■ **Directions for this task**
For this listing, reproduce the line with "Flock Of Birds Drawing", the line with "Жизнь полна чудес с телевизором LG AI1", and the lines between, exactly as they stand. Leave out pictures and all other lines.

■ **Provided information**
════
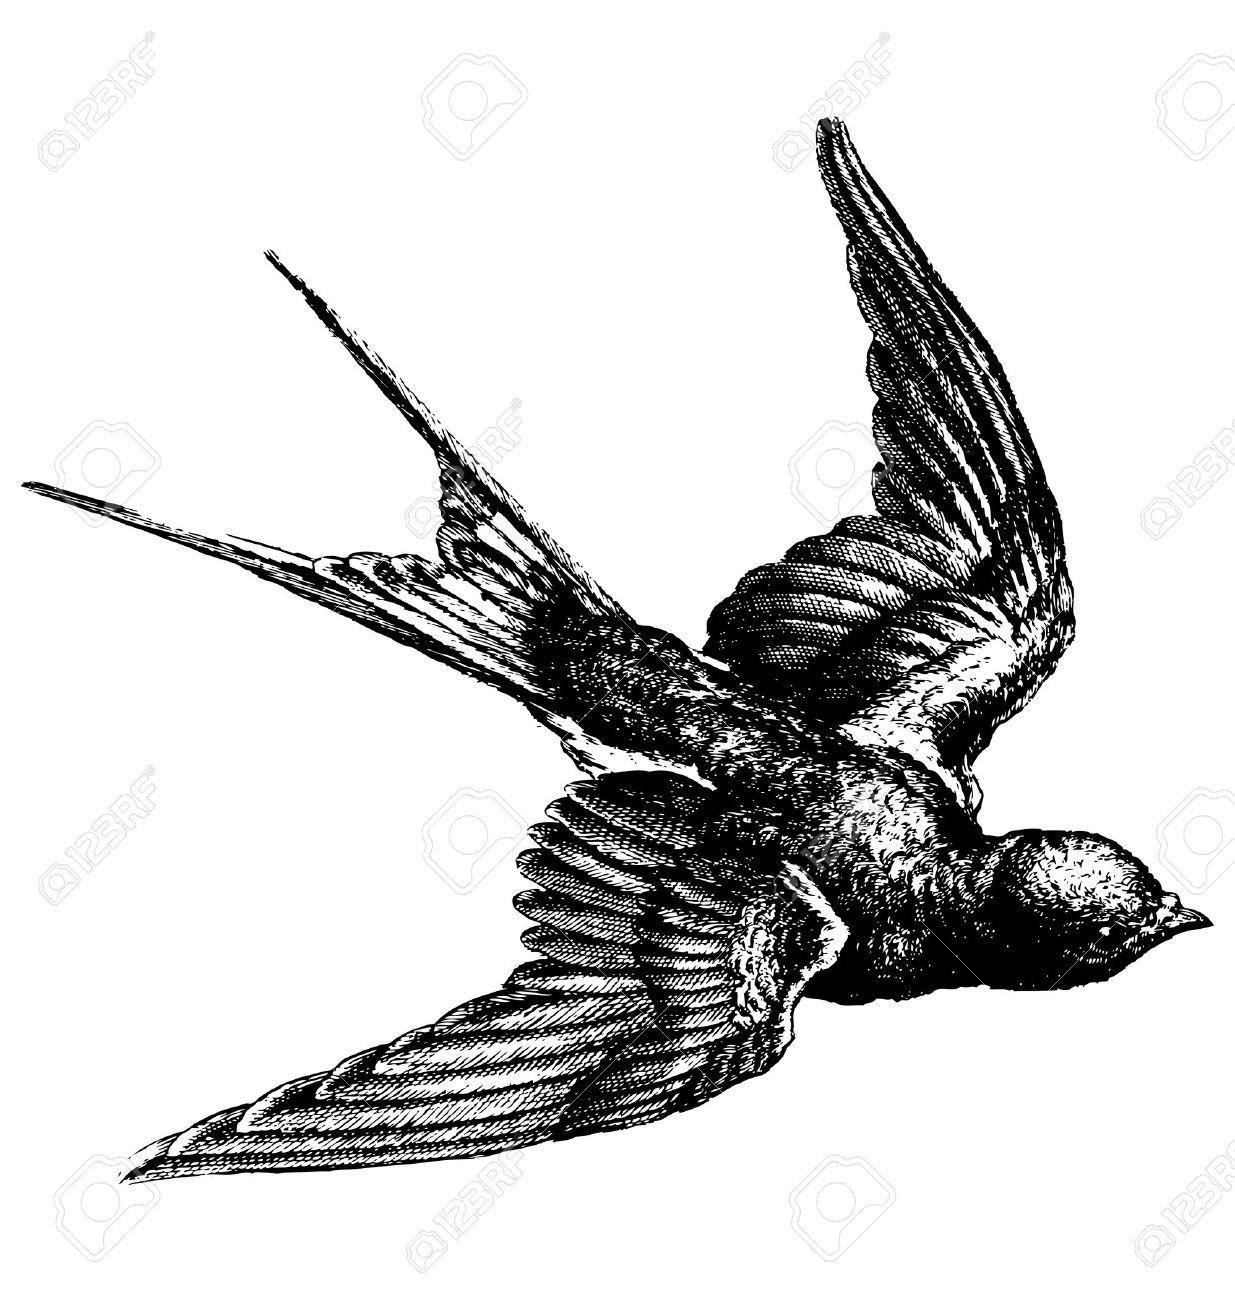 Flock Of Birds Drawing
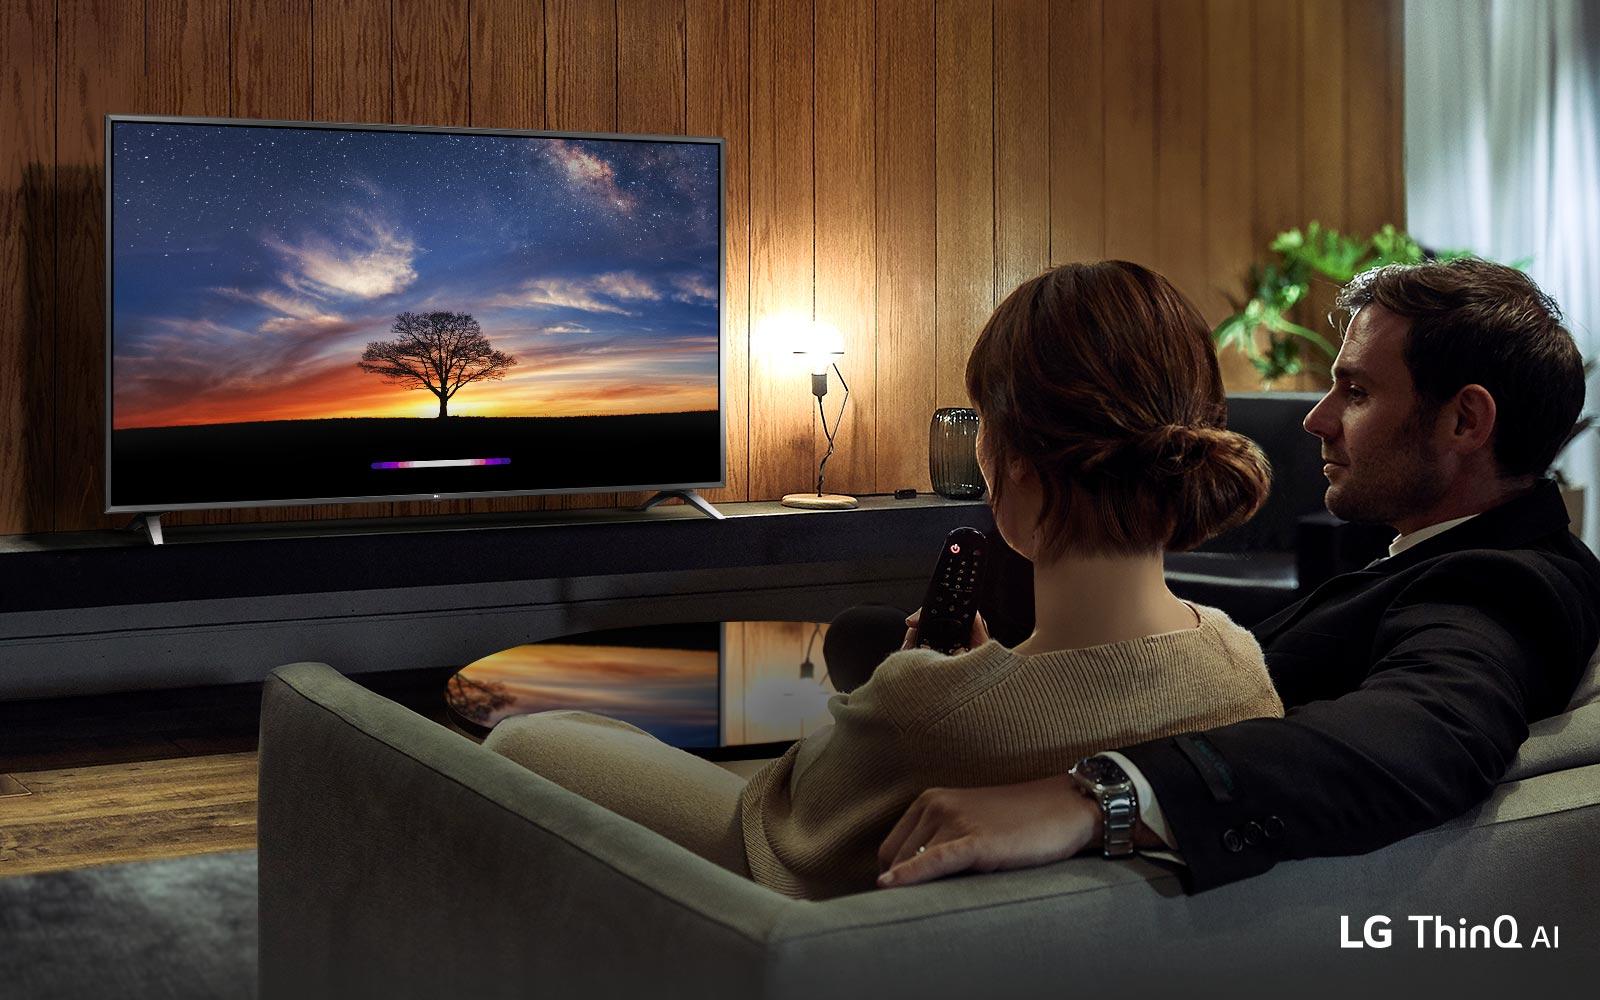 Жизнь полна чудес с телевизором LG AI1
════
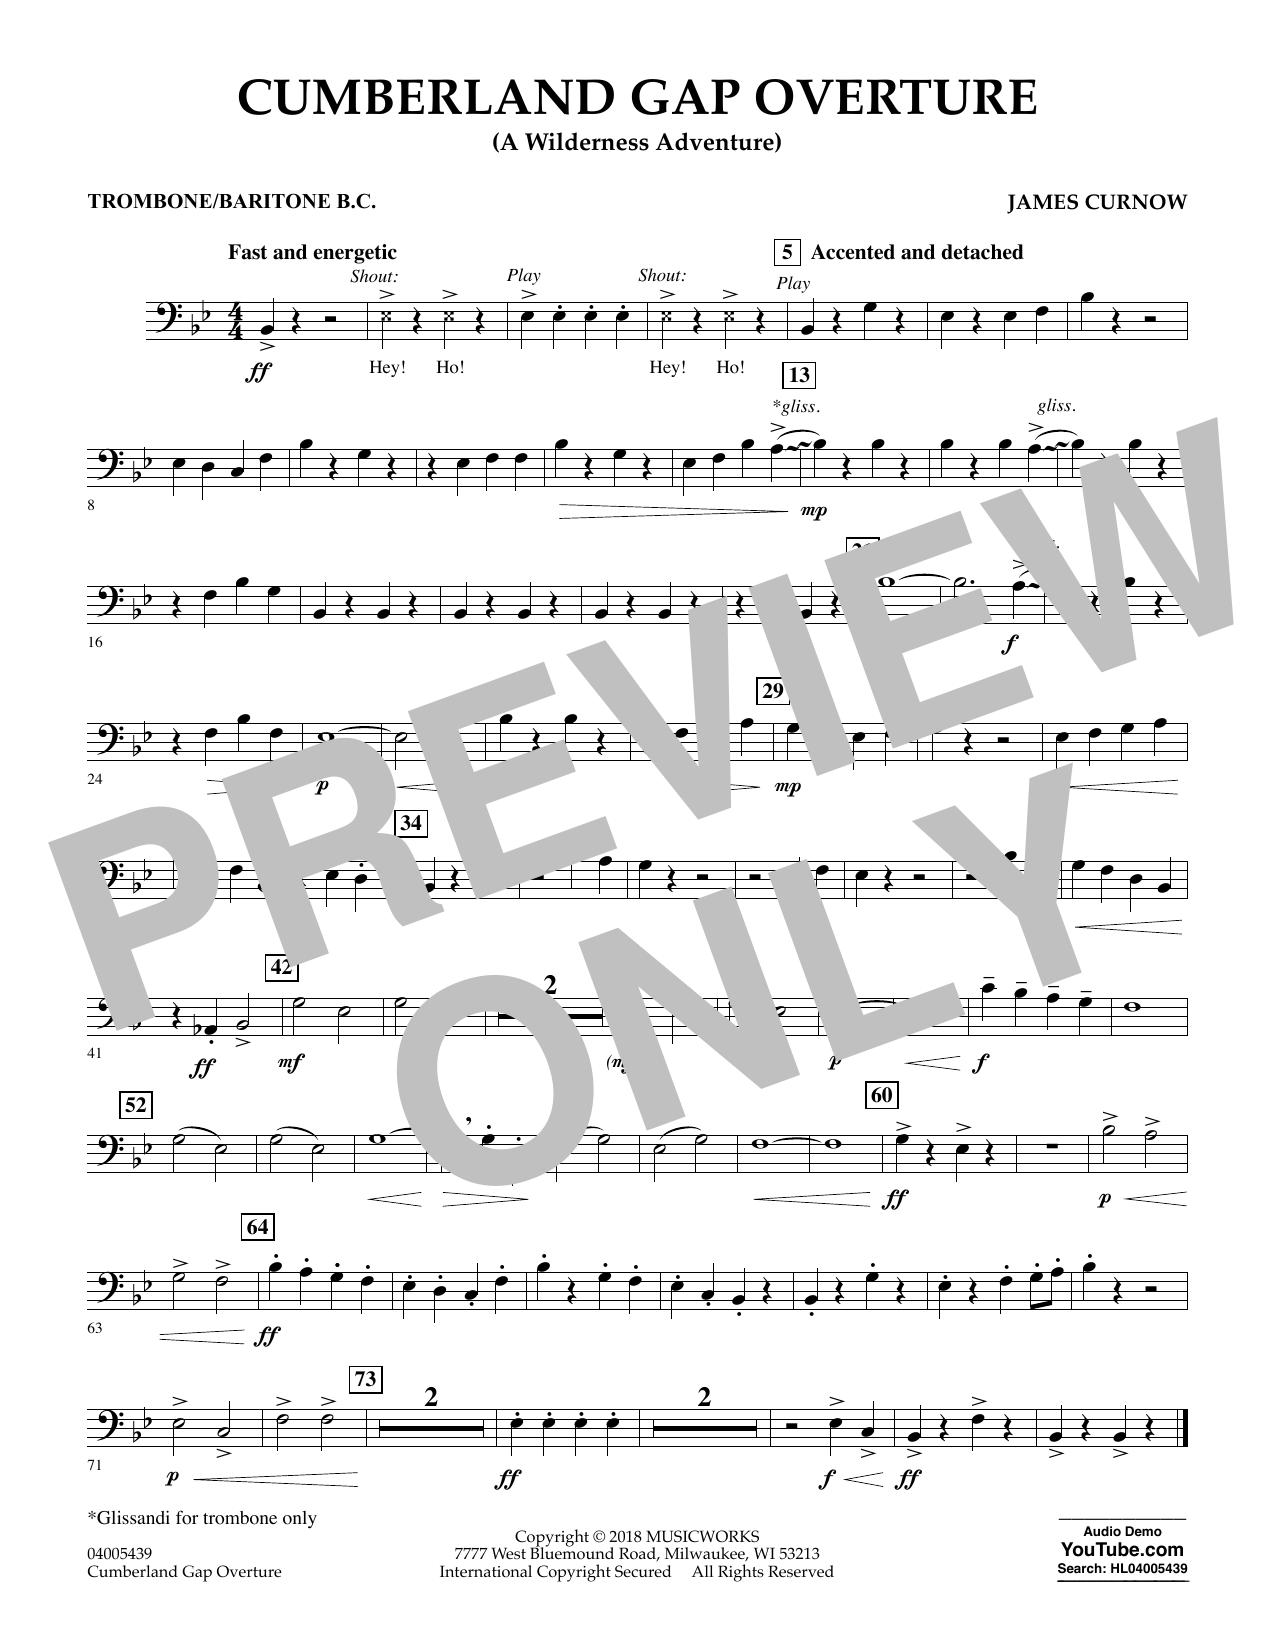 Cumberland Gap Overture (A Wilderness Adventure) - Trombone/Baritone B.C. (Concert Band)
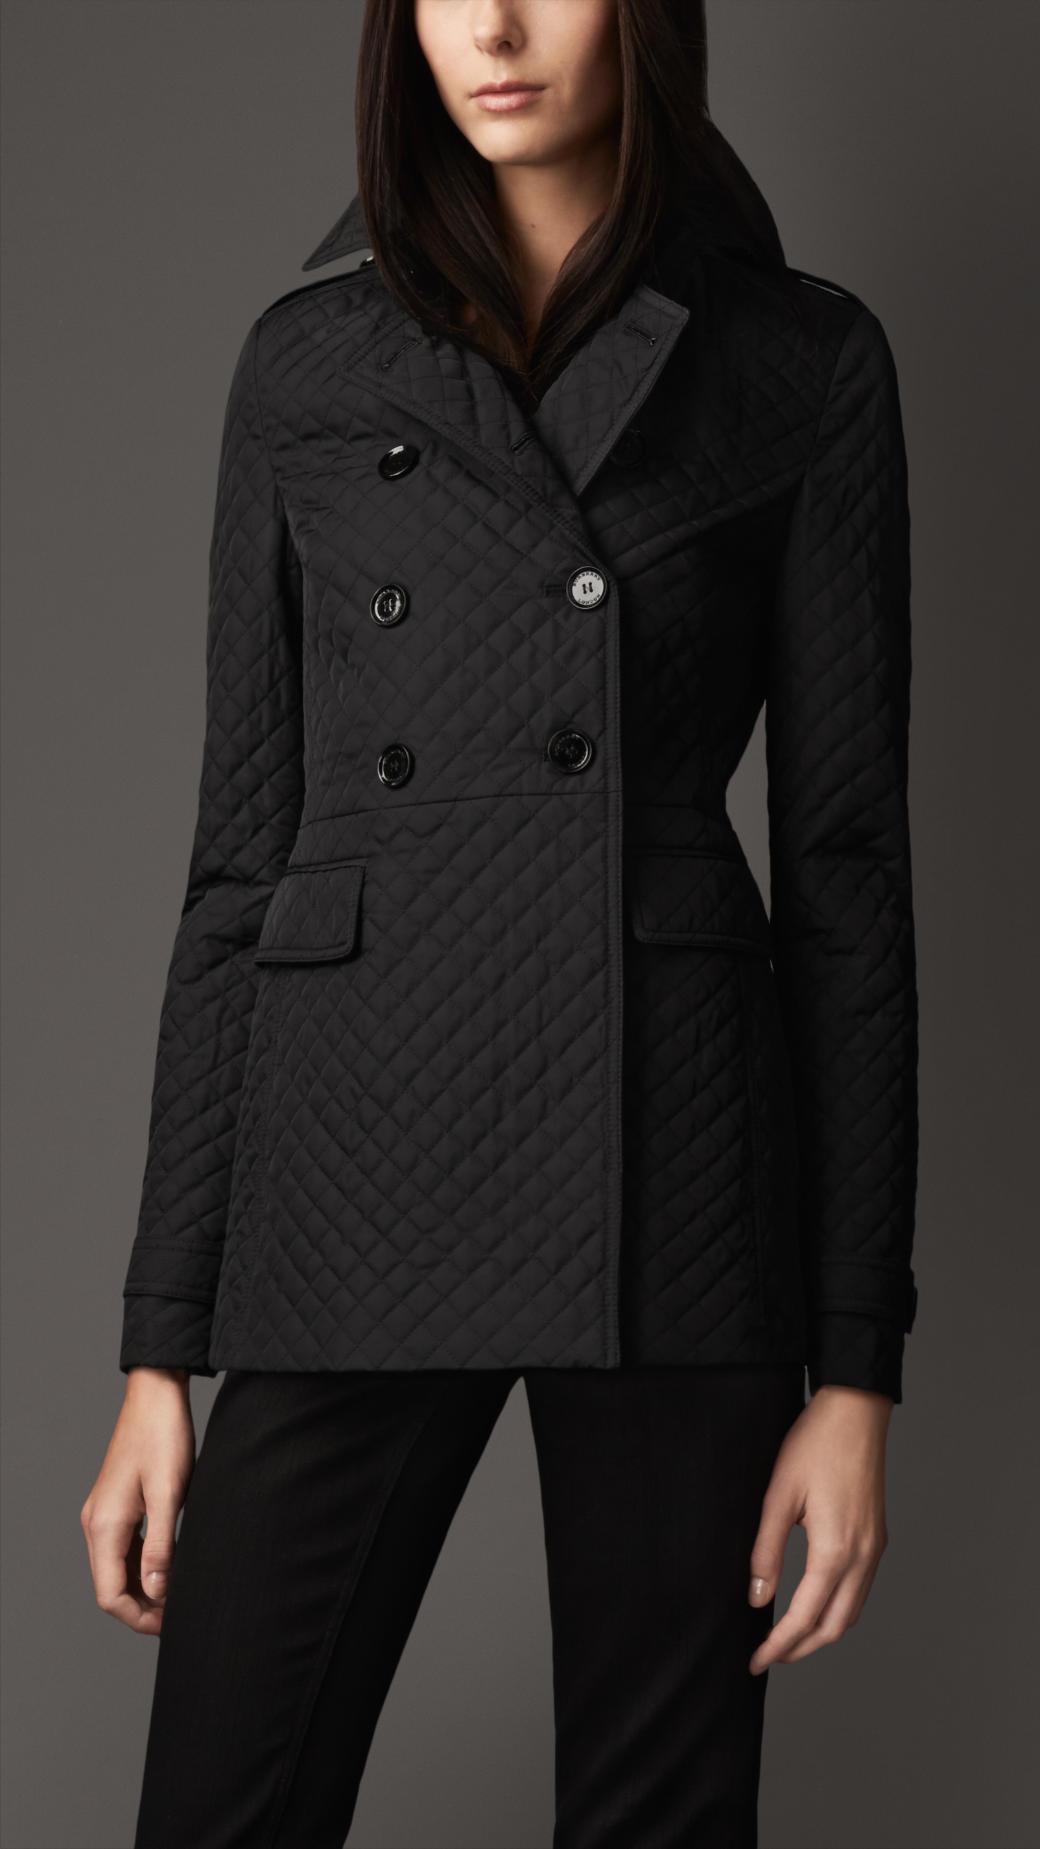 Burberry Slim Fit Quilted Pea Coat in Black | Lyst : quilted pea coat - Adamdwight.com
════
■ **Finished task**
 Flock Of Birds Drawing
 Жизнь полна чудес с телевизором LG AI1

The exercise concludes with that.